Theologically, most evangelicals still described themselves as wretched sinners in need of God’s grace; no sinner had any right to claim to be better than any other. Yet Protestants’ ideas about sin as a moral concept often diverged from their notions of sin as a matter of theology or salvation. When talking about salvation, many Protestants sniffed at claims of moral goodness. Those who avoided overt acts of sin were guilty of hidden sins in their hearts, and they could claim no moral innocence before God. Yet caution is in order. The theological claim that everyone was a guilty sinner before God did not automatically translate into a notion that everyone was guilty of significant moral wrongdoing in human terms. While morality did not bring salvation, Protestants often still cared deeply about their status as morally good people. Even Protestants who rejected theologies of perfectionism showed a growing tendency to envision the life of a true Christian as one relatively free of serious moral transgressions. Publicly confessing one’s sinfulness—proclaiming oneself the “chief of sinners”—was a mark of piety and Christian humility; confessing concrete sins, however, often produced very different results, raising troubling questions about one’s status as a good person and true Christian. (One might remember Arthur Dimmesdale’s first confession of sinfulness in Nathaniel Hawthorne’s Scarlet Letter (1850).

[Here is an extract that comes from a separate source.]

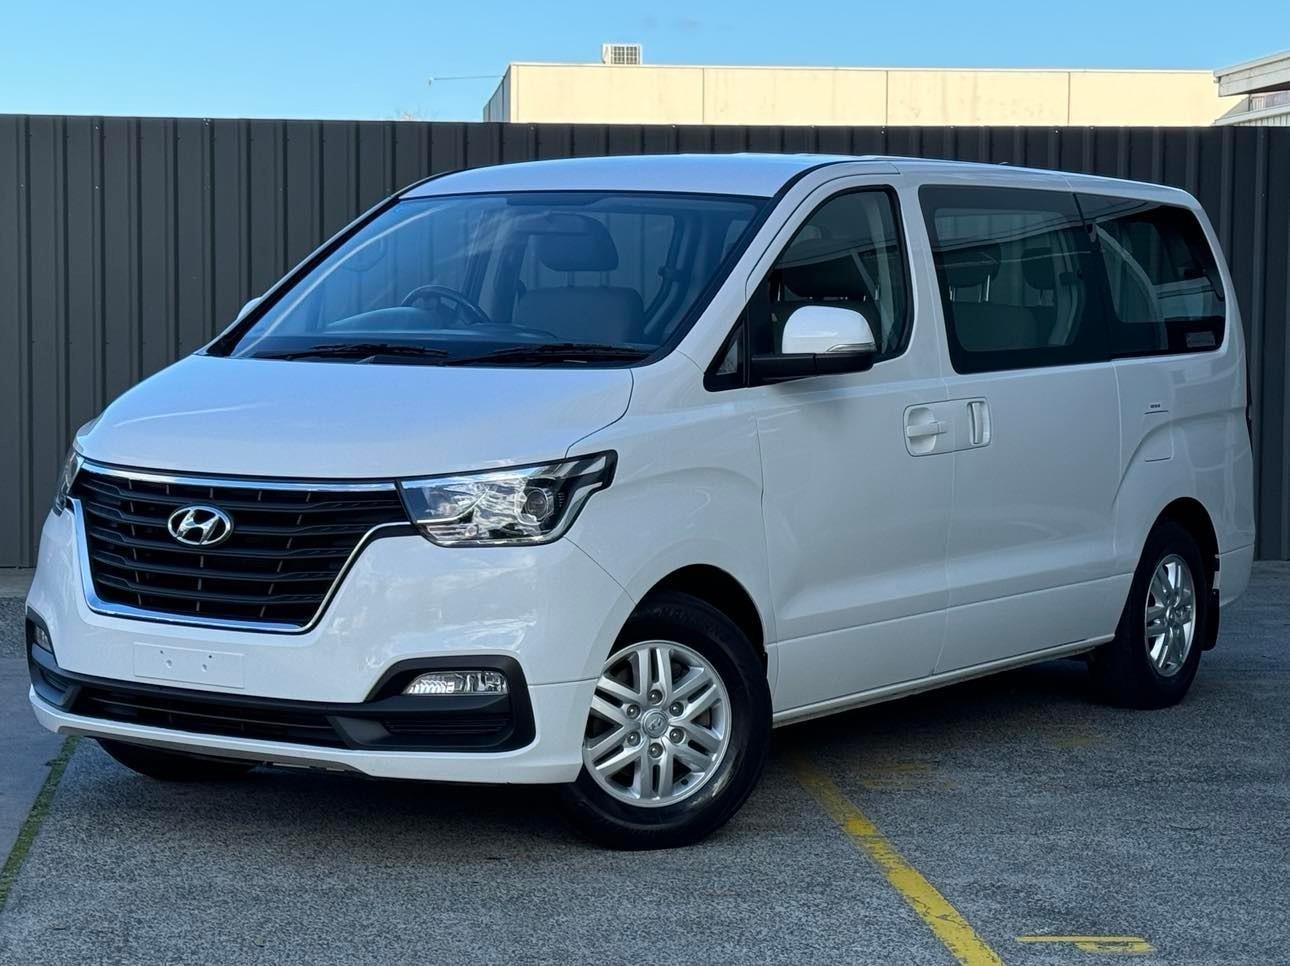 Hyundai Imax image 3

Dimmesdale “told his hearers that he was altogether vile, a viler companion of the vilest, the worst of sinners, an abomination, a thing of unimaginable iniquity.” But this confession was deceptive. “The minister well knew—subtle, but remorseful hypocrite that he was!—the light in which his vague confession would be viewed,” as a mark of piety and Christian humility rather than concrete guilt.)

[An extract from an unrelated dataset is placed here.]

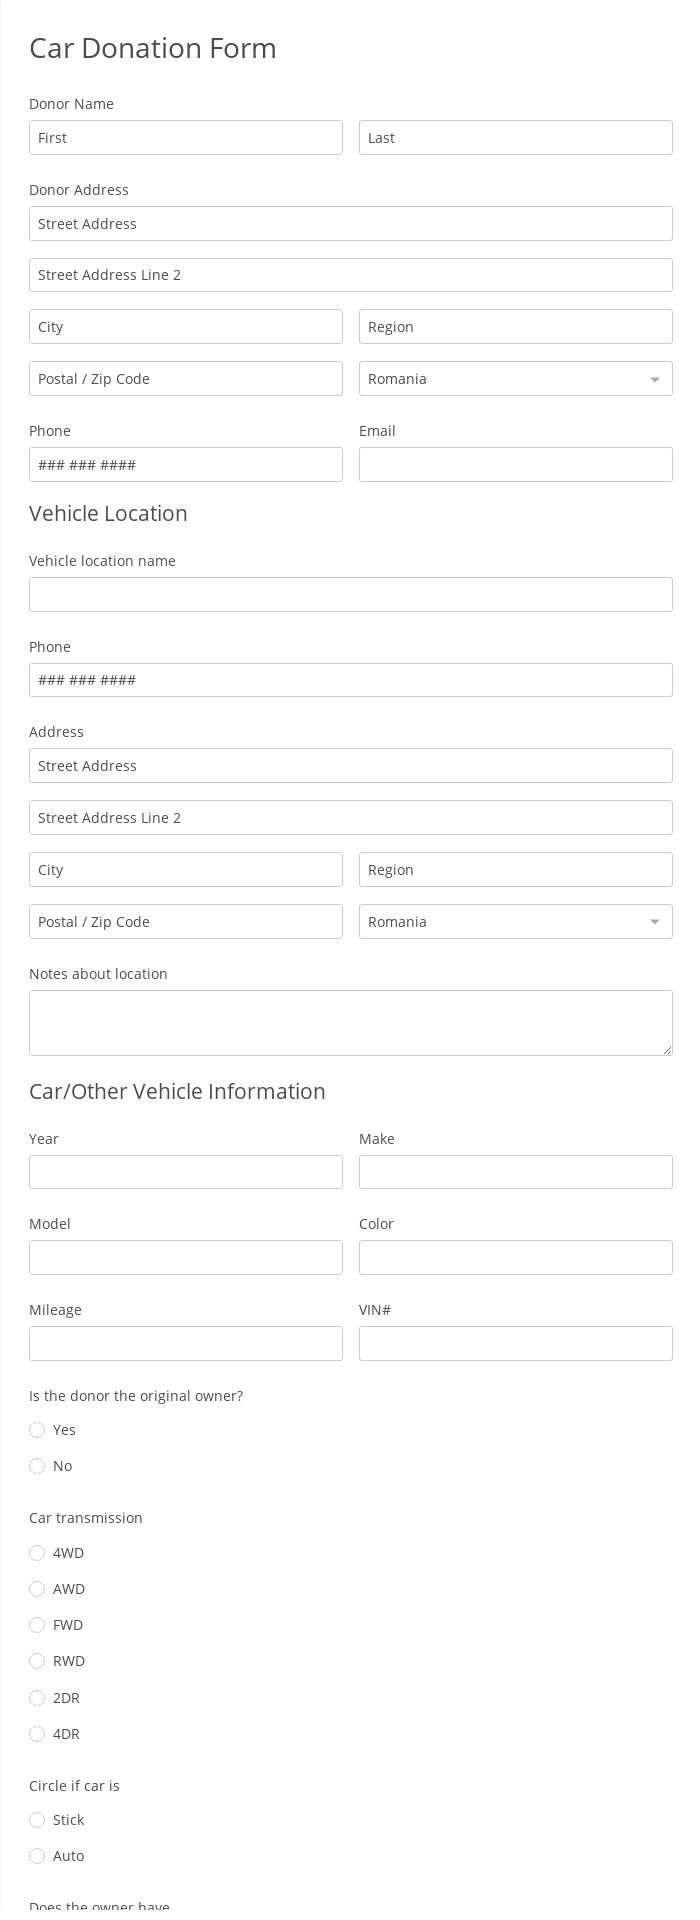 Car Donation Form

Catholics were not immune to these changes in thinking, but during the nineteenth century, these transformations were more pronounced and more rapid within Protestantism. The central place of confession in Catholic piety made it more difficult for sin to retreat from either the public discourse of the church or individual Catholics’ self-understanding. Having to examine their consciences and confess their sins to a priest ensured that Catholics not only remembered that they shared the universal human condition of sinfulness, but also that they were guilty of specific sins. Sacramental confession forced Catholics to grapple with their misdeeds in their concrete particularity. Confession entailed naming specific sinful acts, noting any aggravating circumstances, and counting all occurrences. Contrition meant not simply regretting the misdeed and feeling sorrow; it also entailed a willingness to undo, as much as possible, the damage caused by sin, even at great personal cost. (Nineteenth century Catholics were routinely required to make reparations for their sins.) While Catholics divided sins into minor “venial” sins and “grievous” or “mortal” sins, this distinction was based primarily on the character of the act, not the actor—everyone was liable to fall into mortal sin. Priests reminded Catholics that even one unconfessed mortal sin would imperil their salvation. But just as significantly, while the language of sin pervaded nineteenth-century Catholicism, Catholics consistently rhetorically linked the problem of sin to the solution of confession. This emphasis on sins as discrete acts—rather than as dispositions of the heart—made Catholics slower to draw sharp dividing lines between the good and the wicked; today’s sinner might be tomorrow’s saint, and even saints needed confession. The confessional door broke the solidity of any wall that could be constructed between the “good” and the “wicked.”